Living off campus can affect commuters

Not living near or on campus can take away from the whole University experience.

Hilary Dickinson

More than 50,000 students attend the University, but not all of them call it home.

Kelsi Johnson, a kinesiology sophomore, is one of them. She commutes from her home in Crystal because she says it’s cheaper than living in the dorms.

“I feel like a perfectly normal college student,” she said. “I don’t feel like I’m missing out on the whole dorm experience.”
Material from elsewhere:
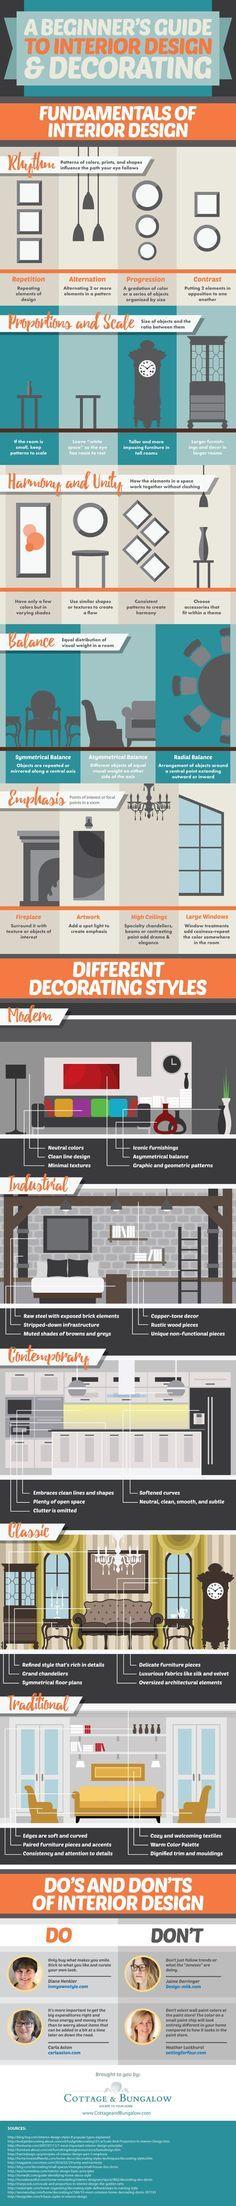 Farfan Counter Stool on OneKingsLane Remodel Ideas Pinterest - moderne schlafzimmer einrichtung tendenzen
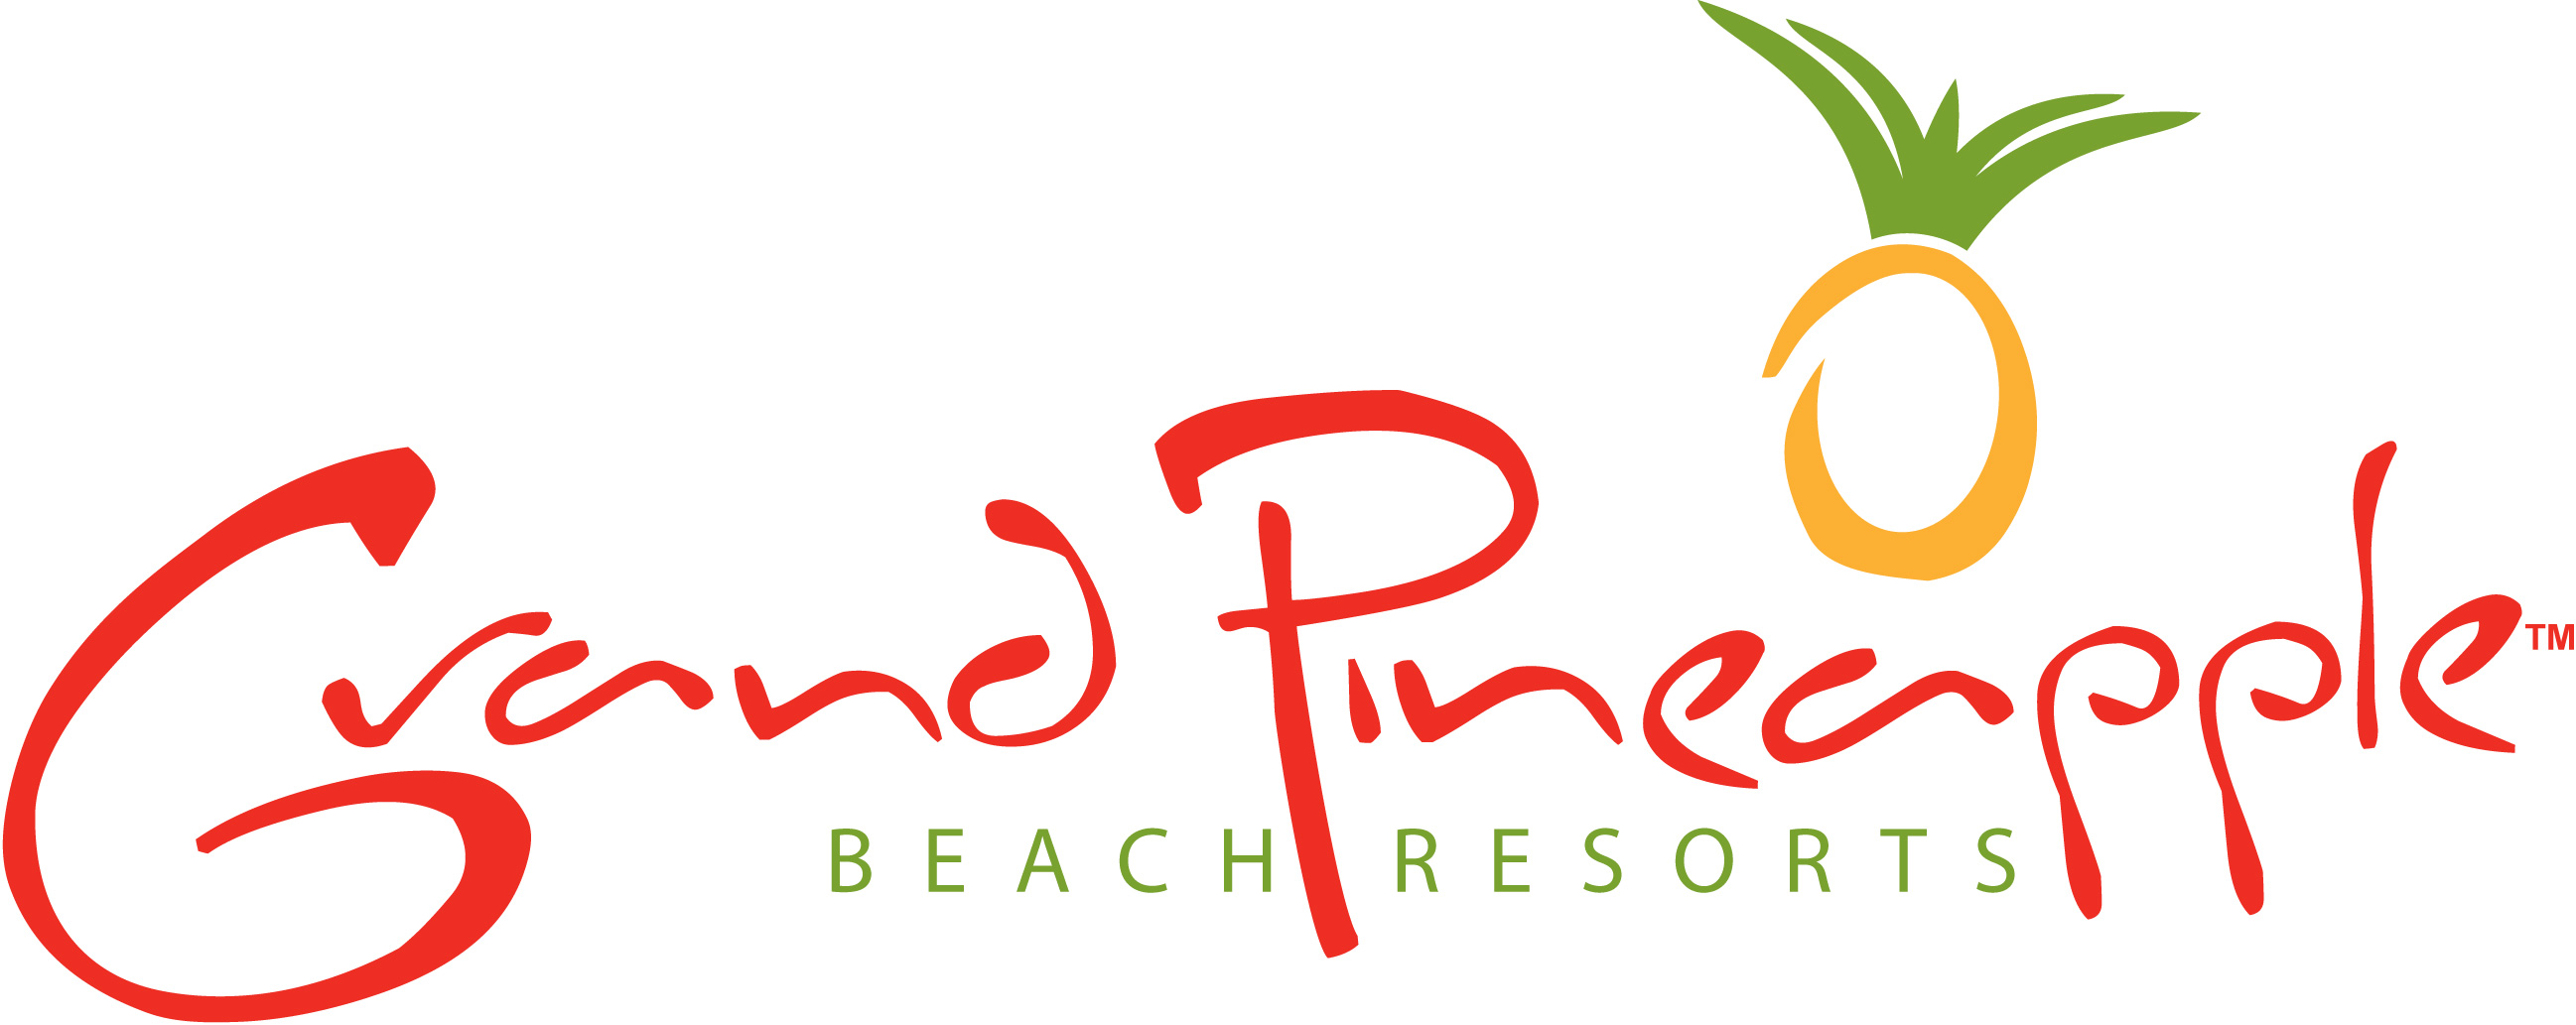 Sandals Amp Beaches Resorts Air Capital Travel

However, the quality of a student’s undergraduate experience is enhanced by living on or near campus, according to the University’s Student Interest Survey.

In fact, increasing campus and near-campus housing was one of the key elements in enhancing the quality of the undergraduate experience during the ’90s, when Mark Yudof was the University president, according to the survey.

Yet many commuters like Johnson said they feel they are getting a full college experience.

If students want to enhance their college experience, they can join student groups, work an on-campus job, join study groups or do service learning, said Laura Knudson, a student activities adviser.

“Commuters can get a full college experience,” she said. “They just need to take a proactive approach.”

Rosalind Clifford, a commuter from Saint Francis, and officer of the student group Commuter Connection, said the only thing she misses out on is Gophers After Dark because she would get home too late. She often hosts and attends Commuter Connection events on campus such as bagel breakfasts, pizza lunches and casino night.

“I feel much more involved now, and I get leadership skills by planning events,” said the biology, society and the environment sophomore.

Johnson said since she joined Commuter Connection, she experiences a social atmosphere by hanging out in the group’s room in Coffman Union.

“I felt more secluded before,” she said. “But now I come in here and know people from campus and classes, and we can study together.”

Clifford said she thinks commuters meet more people than students who live on or near campus.

“When you ride the bus you meet a diverse range of people,” she said.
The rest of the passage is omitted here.